Cuando me dieron por curada ya era verano. En septiembre empecé a preparar oposiciones y durante un curso todo fue estudiar y estudiar bajo el cuidado amoroso y la vigilancia previsora de mis padres. Volví a Oviedo cuando llegó el momento. Me examiné y lo mismo que un día apareció mi nombre en la lista de final de carrera, también ahora lo vi brillar en otra lista: Gabriela López Pardo, Maestra en propiedad. Habían pasado pocos años entre las dos listas. Pero ya había llegado el momento de elegir, con todos los derechos, mi escuela.

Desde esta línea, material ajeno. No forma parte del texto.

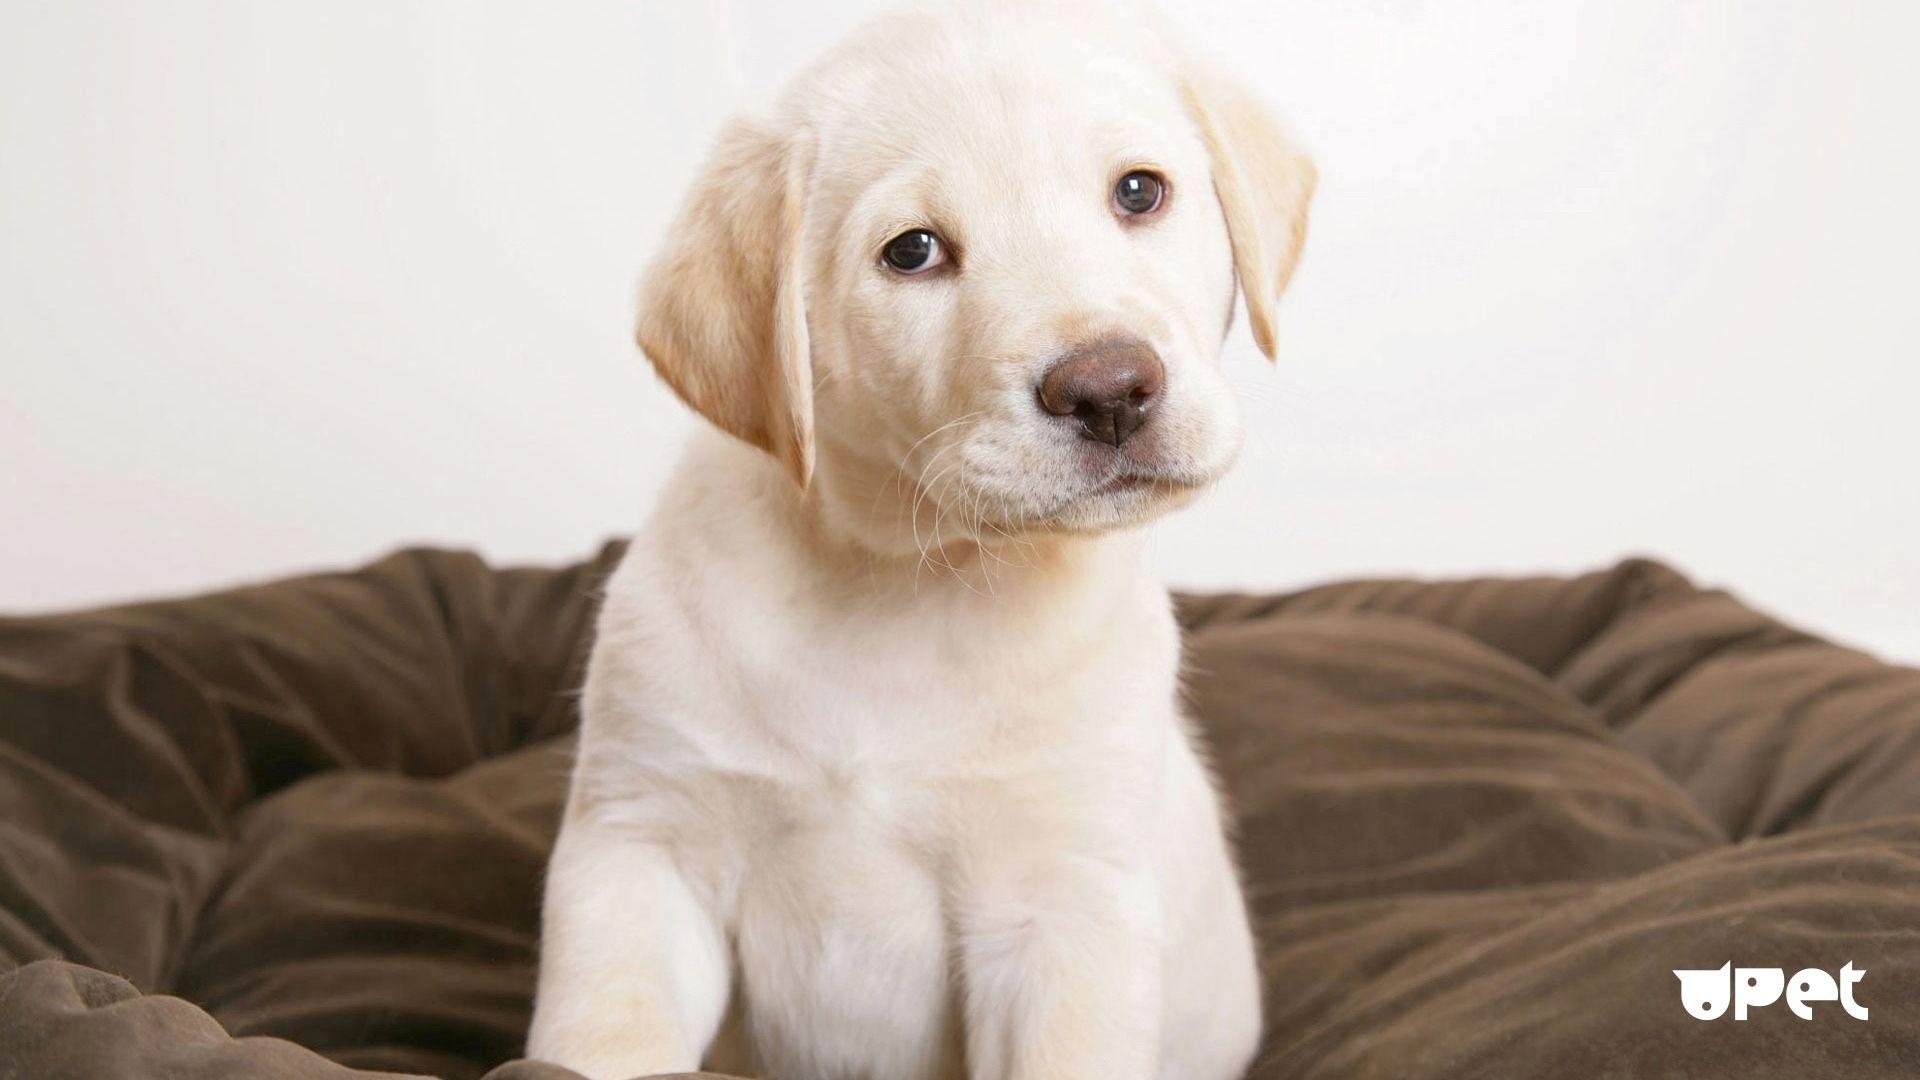 Wallpaper Labrador Puppies

Los niños eran todos negros. La mía era la escuela nacional y gratuita y sólo los negros la frecuentaban. Todos dijeron que estaba loca cuando la elegí. Yo tenía veinticuatro años y afán de aventuras. Si fuera hombre… pensaba. Un hombre es libre. Pero yo era mujer y estaba atada por mi juventud, por mis padres, por la falta de dinero, por la época. Era el año 1928. En la oposición había sacado un excelente número: la tercera entre cincuenta. Miré los mapas y el punto más lejano de la tierra al que podía llevarme mi carrera estaba allí, en la línea del Ecuador. Una franja pequeñísima de África, unas islas, un nombre que cruzaba sobre el mar y se adentraba en el continente: Guinea Ecuatorial. Aquél sería mi destino. Pensé en don Wenceslao: «Si algún día…», me había dicho y en seguida había rectificado: «Pero usted nunca va a caer por allí.» No puedo decir que me influyera el recuerdo del viejo amigo. Hasta su Guinea me parecía distinta de la que yo estaba eligiendo. Yo no iba a negociar ni a hacer fortuna. Yo iba a enseñar y al mismo tiempo a aprender, a buscar paisajes nuevos, nuevas experiencias, en un país que además de exótico era nuestro. Así que lo arreglé todo, desoí los consejos y los llantos familiares y me bajé hasta Cádiz para embarcar. Cádiz era el extremo sur, el final de mi mundo. De Cádiz arranqué un día de septiembre y atrás dejaba límites y ataduras. Y el recuerdo de una escuela perdida entre montañas.

Cuando el barco zarpó yo veía la tierra alejarse desde el puente. No quería pensar en lo que abandonaba. Necesitaba la fuerza de los emigrantes, el valor de los conquistadores. Recordé el último consejo de mi padre, arrancado de una de sus lecturas:

«La aventura puede ser loca, el aventurero no.» Y un respingo de emoción me asaltó mientras la costa española se desdibujaba a lo lejos.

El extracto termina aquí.